By the late 1980s, the city’s leaders realized they needed to do something uncharacteristically bold. The big private employers — the insurance companies Principal, Nationwide, EMC and Wellmark; publishing giant Meredith (Better Homes and Gardens); Wells Fargo — had a lot riding on the central city, where they maintained offices for tens of thousands of employees. “They said, 'Look, we have a tremendous investment here and we want to be able to attract and retain people,'” says Mary O’Keefe, who was Principal’s vice president for marketing for 25 years. “The business community here is really strong and responsible and they took leadership on these things out of enlightened self interest.” They also realized they needed fresh ideas.
Ironically, the critical link was made by art collector Melva Bucksbaum, whose husband, Martinpioneered the suburban shopping center, founding General Growth Properties, the mall-making behemoth behind everything from Tyson’s Galleria in suburban Washington, D.C. to Chicago’s Water Tower Place. In the spring of 1987, Bucksbaum took a well-timed call from a friend of hers, architect Bruce Graham, whose buildings — including the Sears Tower and John Hancock Center — had transformed Chicago’s skyline. Graham had a colleague to recommend, an innovative urban thinker looking for a Midwestern city to experiment on. Bucksbaum was thrilled. Soon that visionary, Mario Gandelsonas, found himself in a car hurtling up Fleur Drive from the Des Moines International Airport, headed for downtown.
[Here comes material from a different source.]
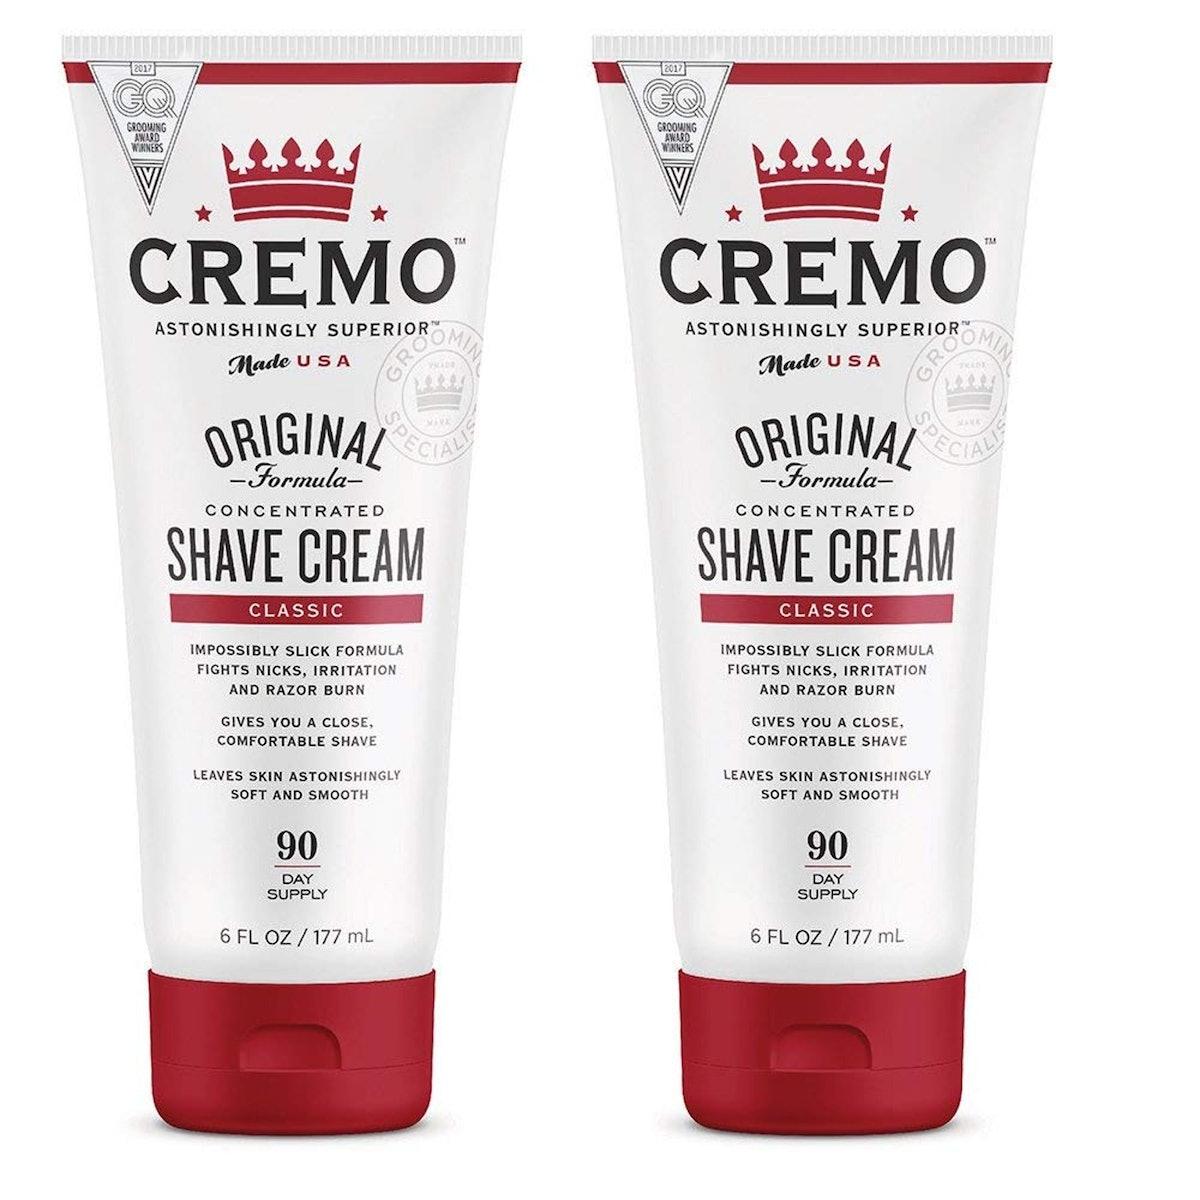 Cremo Original Shave Cream (2 Pack)

He was horrified at what he saw.
***
In the summer of 1987, Gandelsonas was a 49-year-old professor at the Yale School of Architecture. Born and raised in Argentina and educated in Paris, he’d long had a fascination with Alexis de Tocqueville’s observations on the social groups and civic associations that give American democracy its distinct bottom-up power. “This civic spirit still exists,” Gandelsonas said, “but I think they are much more visible in a small city in the heartland than in a place like New York.” Graham, his mentor, suggested Des Moines might be the perfect place for him to put into practice his theories that the future of cities might lie in such unlikely places. Des Moines had strong cultural associations, an engaged leadership eager for new ideas and was surprisingly wealthy, meaning there were resources available to implement a good idea.

Gandelsonas’ urban planning philosophy was simple: don’t treat a city like a map that needs to be redrawn and corrected, but as a living organism with its own purpose, personality and innate characteristics. Successful interventions are ones that enhance and enable the organism’s socio-economic metabolism by removing blockages or creating new centers of potential growth. Instead of producing a total and comprehensive master plan for a city, Gandelsonas sought to identify a series of “moments,” civic projects that would enhance its fabric and unleash its potential. Or so the theory went.
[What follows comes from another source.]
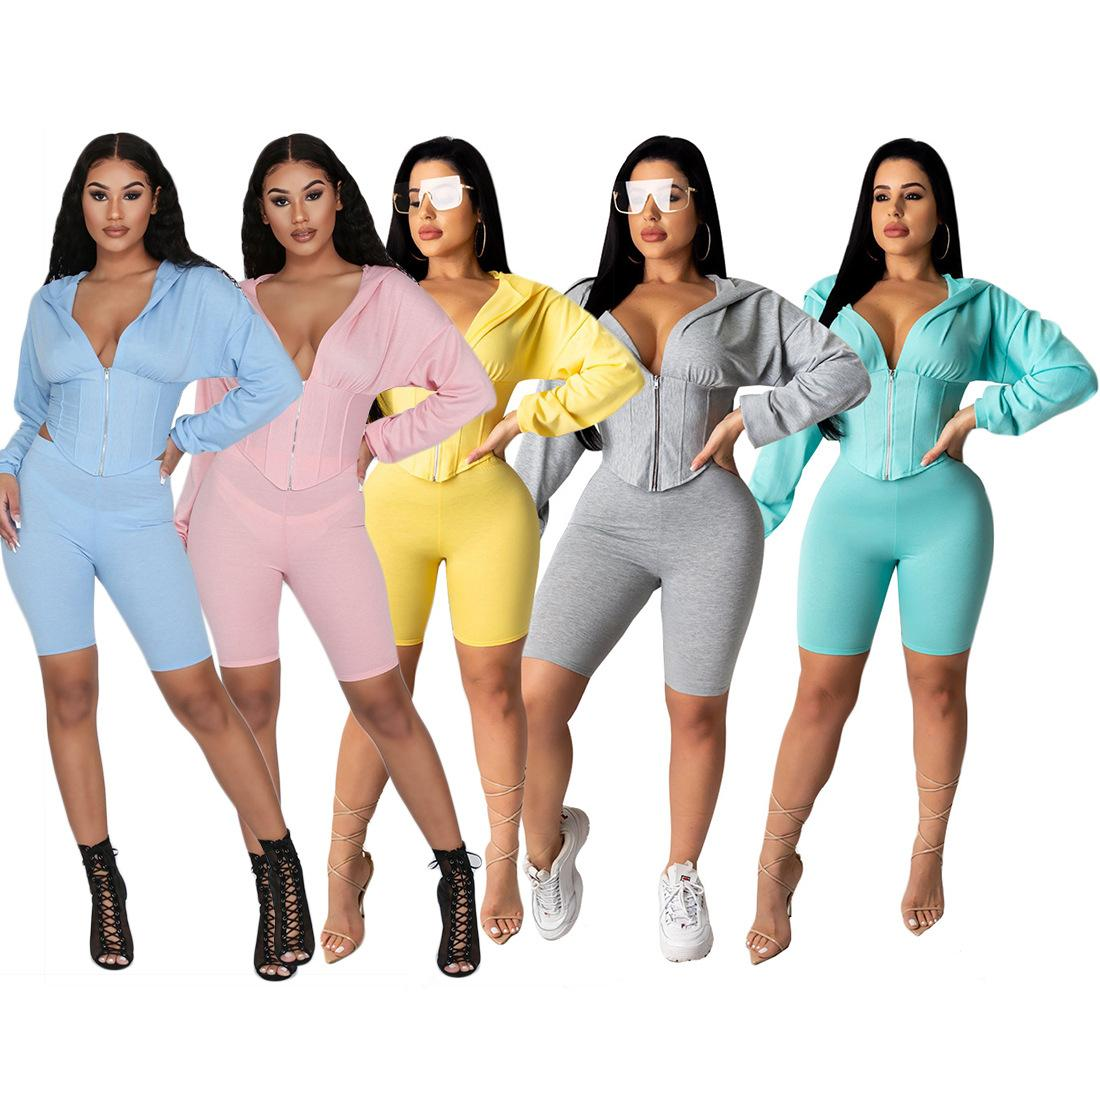 Livraison gratuite 2020 marque ni nouvelles dames costume de sport ke mode européenne et américaine womenFC28

The car ride in from the airport was sobering. At the central city’s gateway, what Gandelsonas called its “front yard,” travelers were greeted by a gas station and seven blocks of car dealerships set among radiator shops and pawn brokers. Downtown itself “looked like science fiction,” he recalls. “It was mid-morning and there were no people on the streets. At lunchtime, the streets were still empty, but for about an hour the skywalks were full of people. At 4:30 they started filling up again as everyone rushed to the nearest parking structure and then for half an hour there was a full-on traffic jam as 50,000 people tried to get to West Des Moines. Then the city was empty again. For me this was the perfect picture of a place that was totally dysfunctional.”